I was told to find out if your doe is in heat you can rub a rag on the buck and let the does smell it and they'll do something.
Is this true? And what am i suppose to look for if.they are in heat?


----------



## hallsthirdacrefarm (Mar 30, 2011)

Buck rags have never worked for me...they always act interested in the rag...it's smelles like a strange goat. NOW...If I take the buck rag and rub it on my wether...they have shown more interest in him which has indicated heat for me. You are looking for lots of interest...tail flagging, lip curling, baaing, calling. I did have one doe that got excited and looked behind me to see if there was aboy coming...so that helped...but a real live boy is a better tease. 
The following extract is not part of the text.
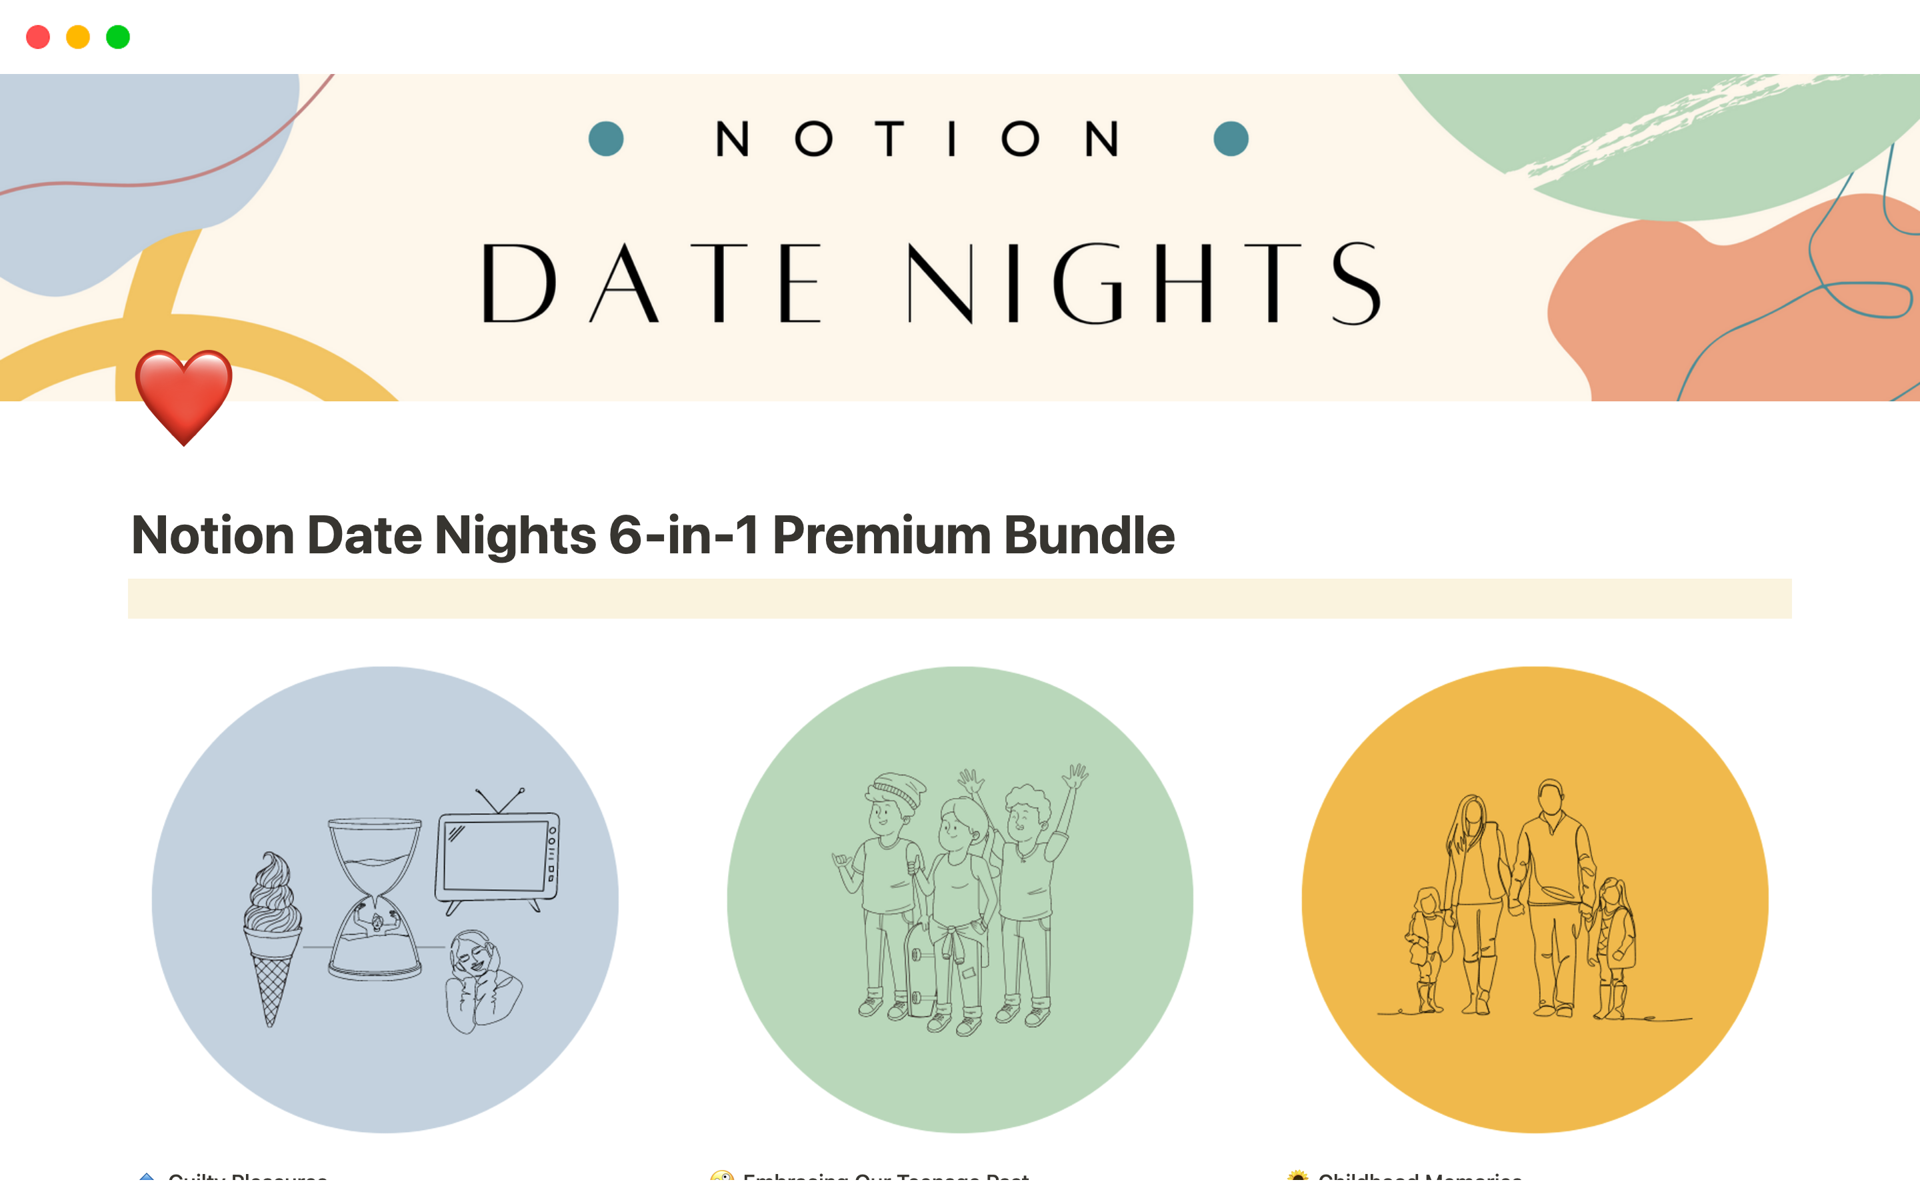 Date Night Bundle - Date Night Bundle

Usually I know anyhow...they call and yell more often, back up to us or squat and pee right in front of us, sniff their own pee and do the flehmen/lip curl thing, mount other does and act...well...crazy


----------



## sweetgoats (Oct 18, 2007)

I have done the buck rag with great success. Take that rag and make sure it smells really good (bad). Go all over their head and where they pee on themselves.
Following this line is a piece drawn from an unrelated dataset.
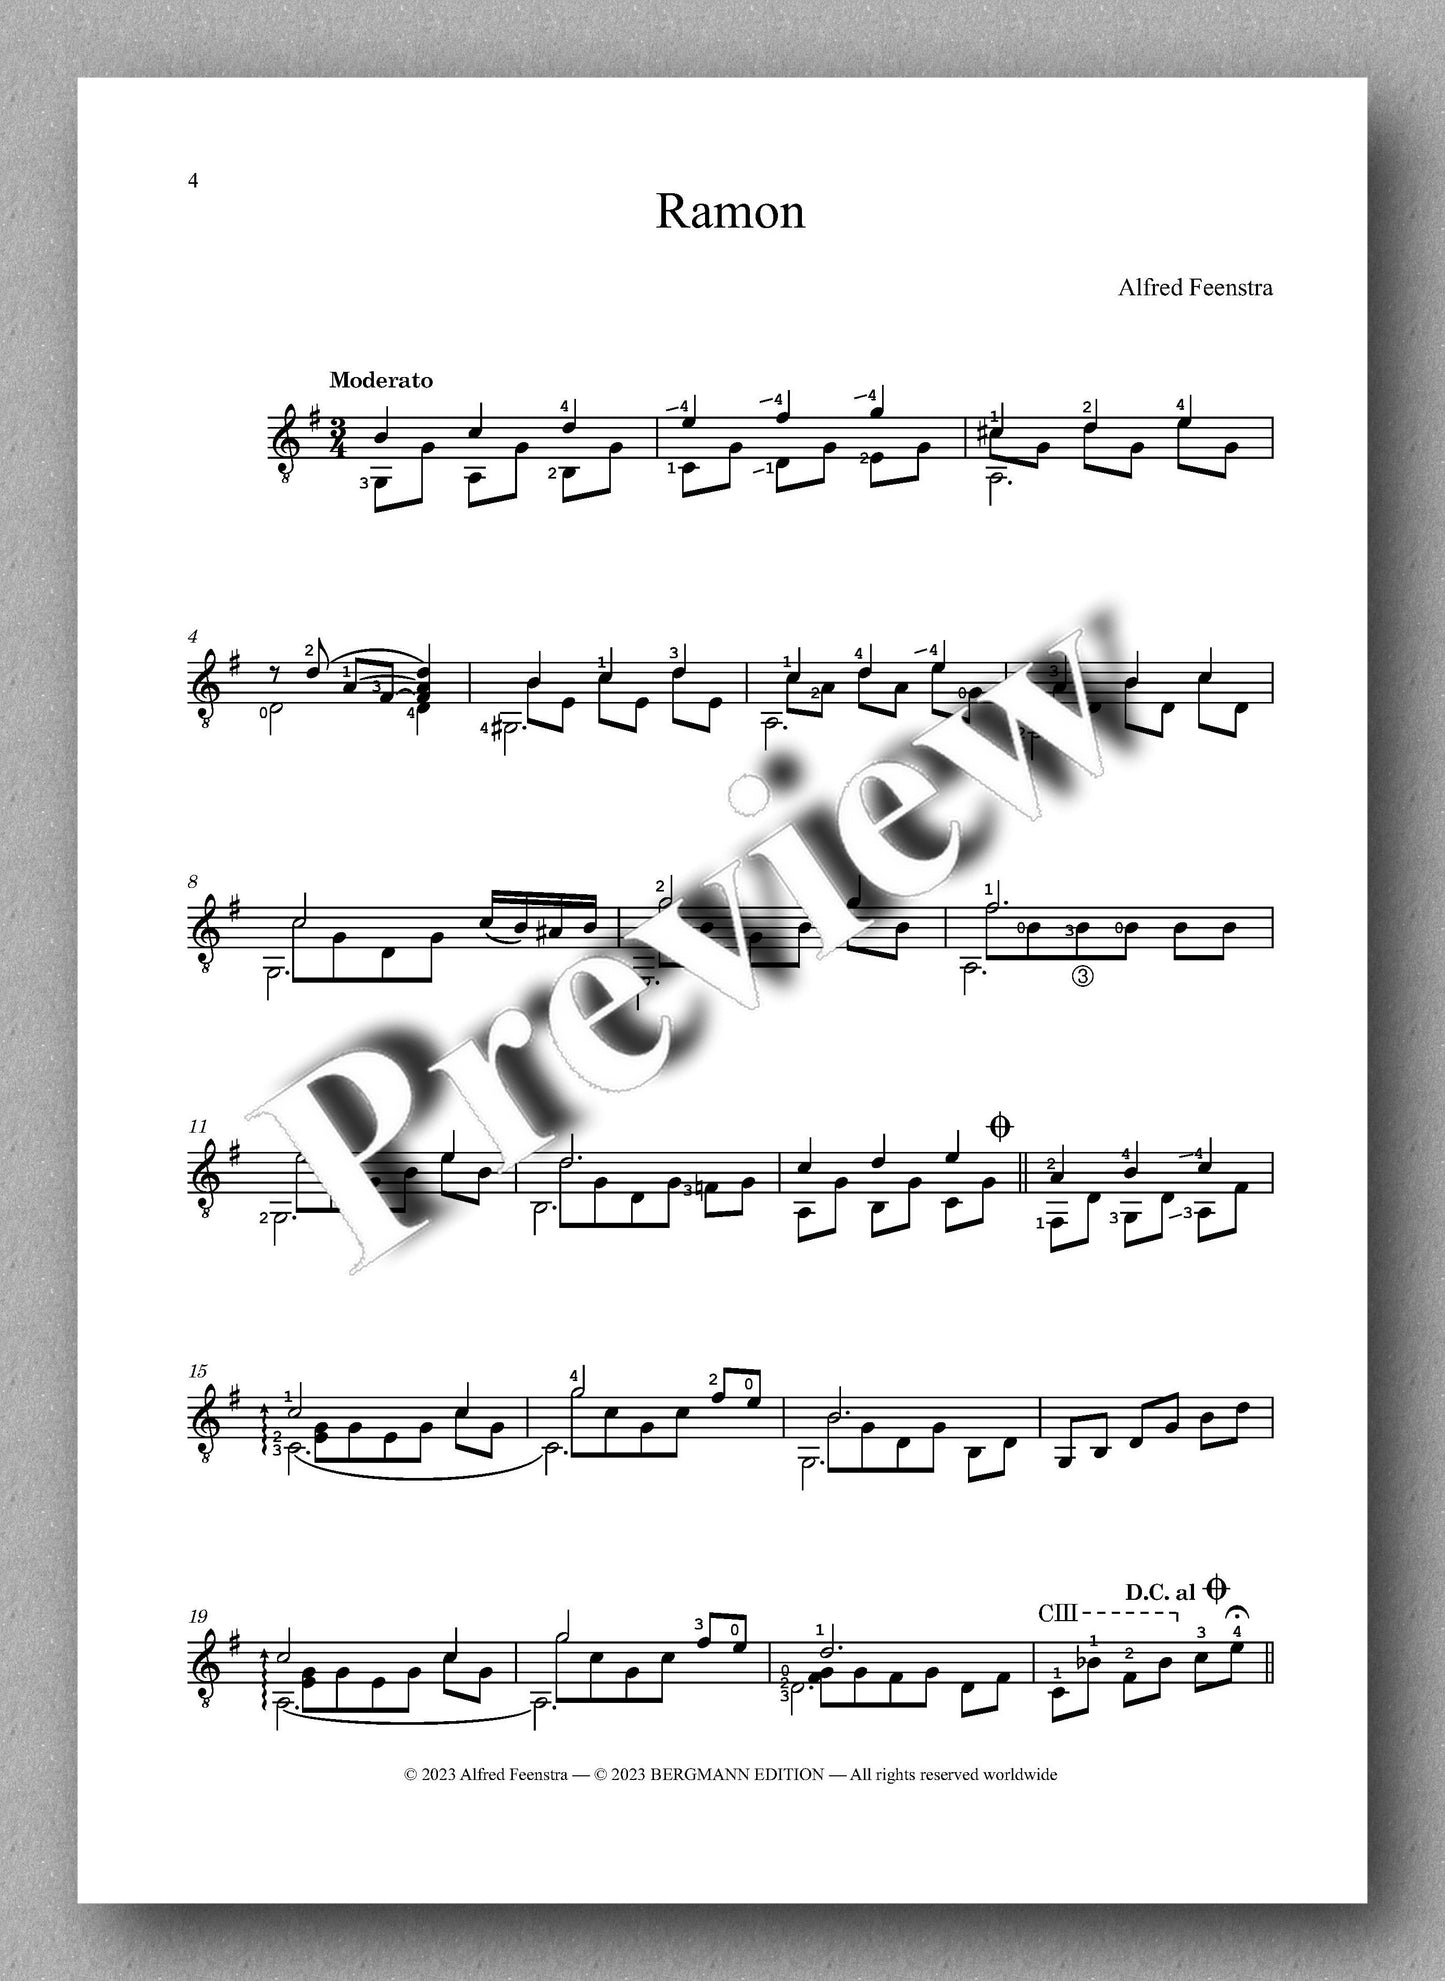 Feenstra, Preludio, Ramon & Thomas - preview of the music score 1

The purpose of the rag is to see when the doe is in heat, it will not bring her in. If she smells the rag and starts wagging her tail, mine have pawed at the rag, then you know they are in heat or going in.


----------



## Caitlin (Jan 15, 2013)

Ok well i gess ill try it then. Thanks


----------



## mjs500doo (Nov 24, 2012)

We used a "wife beater" and made one of the meat wethers wear it around. Lol poor guy!


----------



## happybleats (Sep 12, 2010)

Ive used the rag with success..as Lori said..it wont bring them in heat but my girsl will "flirt" with it...or just show more interest init. I have a few girls who can care less lol...but for the most part..it works..It does have to be real smelly....I do like the idea of the wether...but feel sorry for him..like taking a girl tothe prom but never getting to dance with her lol...


----------